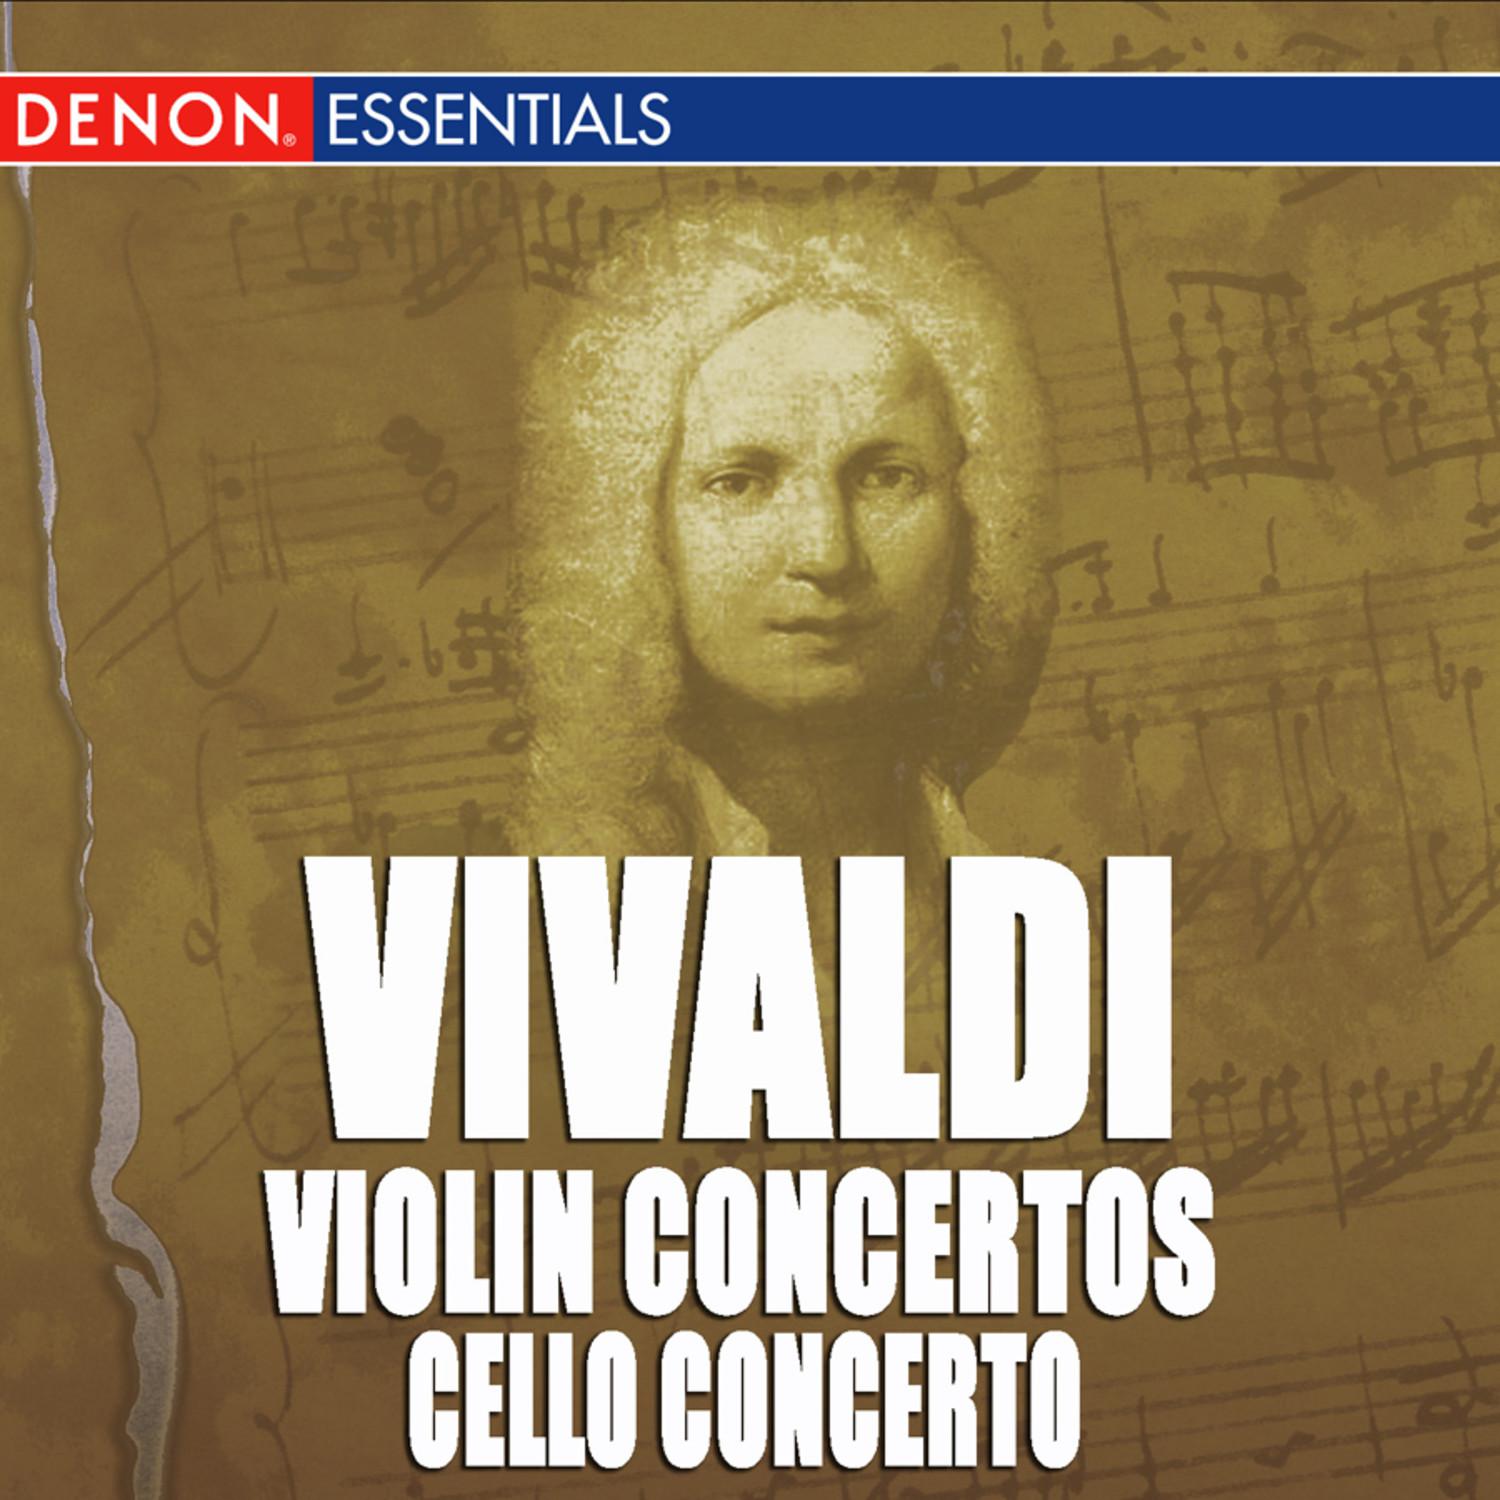 Concerto for 4 Violins, Cello, Strings and Bc No. 7 in F Major, Op. 3 RV 567: I. Andante
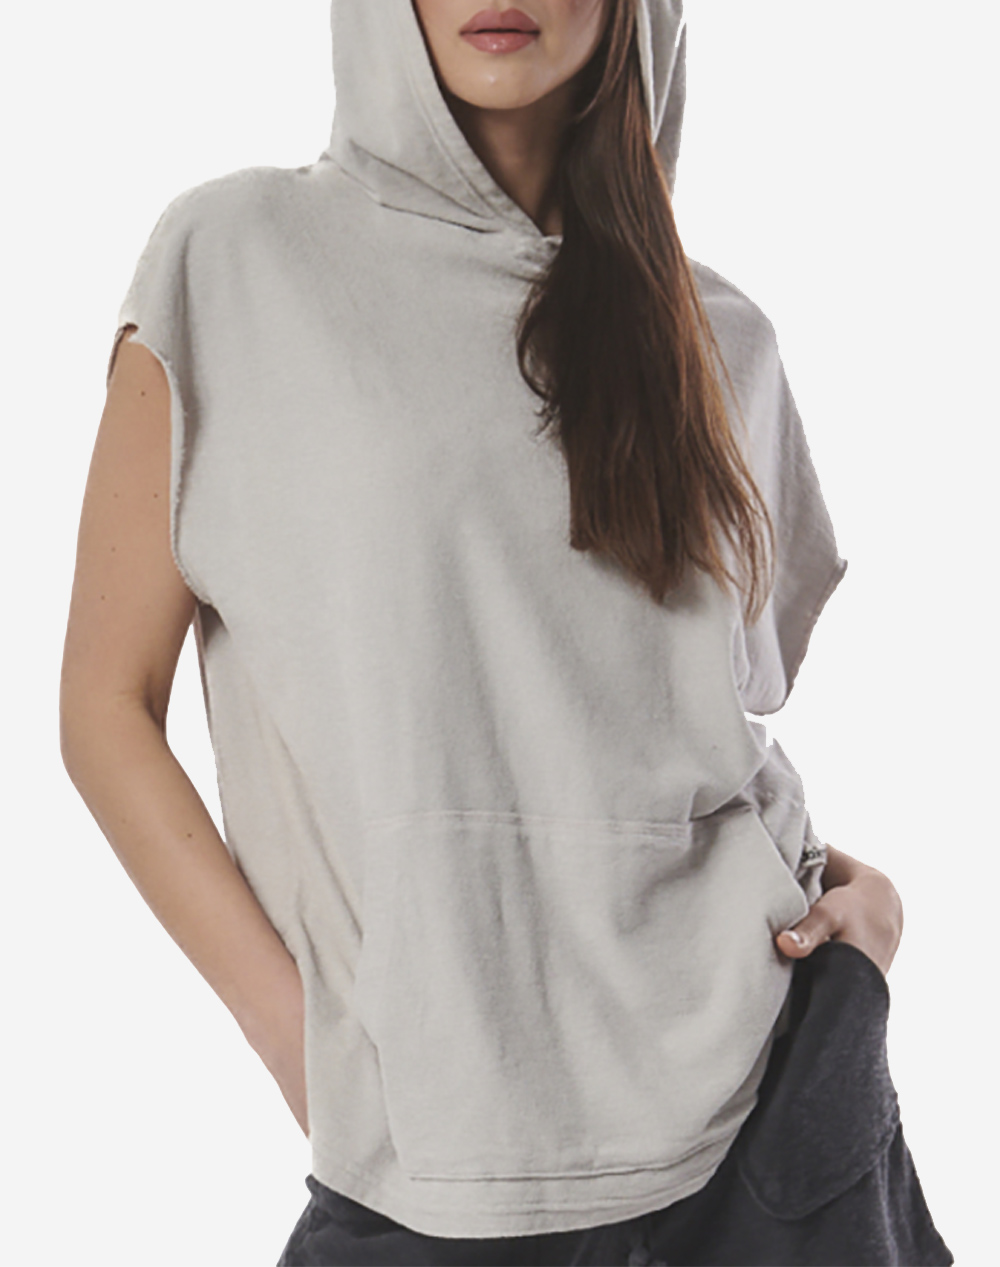 BODY ACTION GENDER NEUTRAL NATURAL DYE TERRY HOODIE 041417-01-QUIET GREY Gray 3800PBODY3400001_XR30940
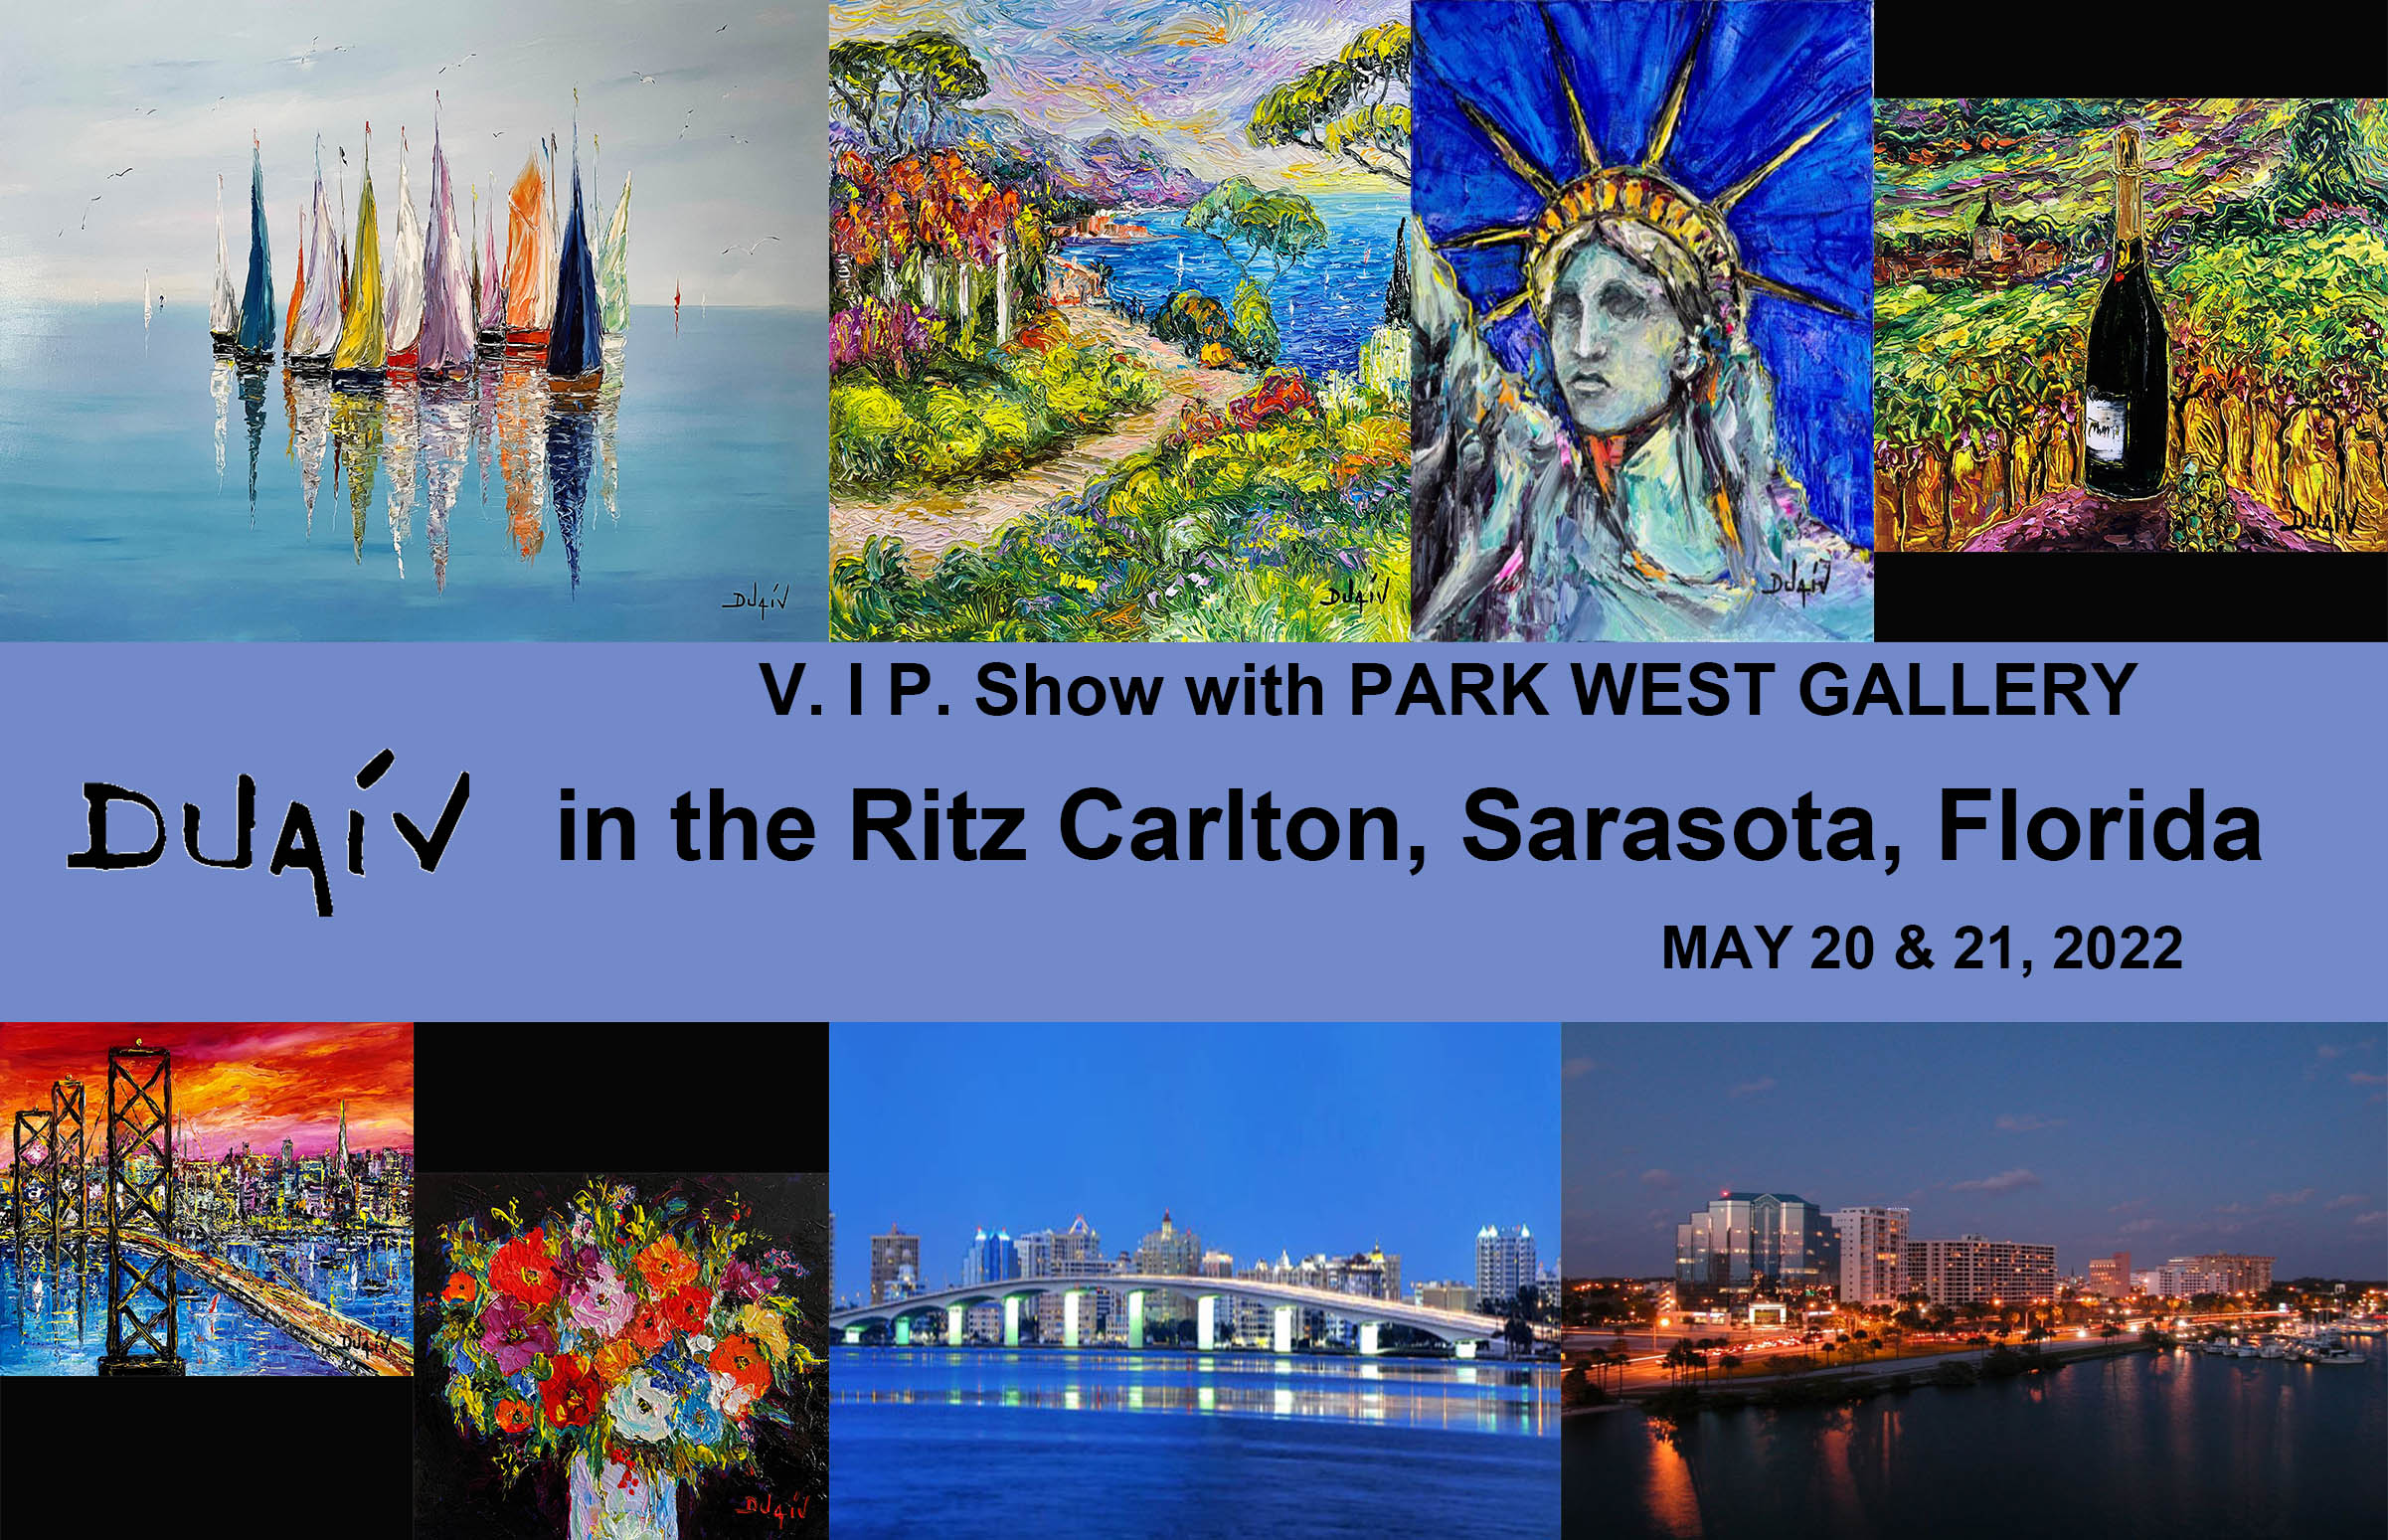 VIP Event with PARK WEST in THE RITZ CARLTON SARASOTA - May 20& 21, 2022

- TASK TO CARRY OUT
Starting with the line that contains "BODY ACTION GENDER", print every line through the end of the data exactly as written; omit all pictures and add nothing else.

- RESULT OF THE TASK
 BODY ACTION GENDER NEUTRAL NATURAL DYE TERRY HOODIE 041417-01-QUIET GREY Gray 3800PBODY3400001_XR30940
 VIP Event with PARK WEST in THE RITZ CARLTON SARASOTA - May 20& 21, 2022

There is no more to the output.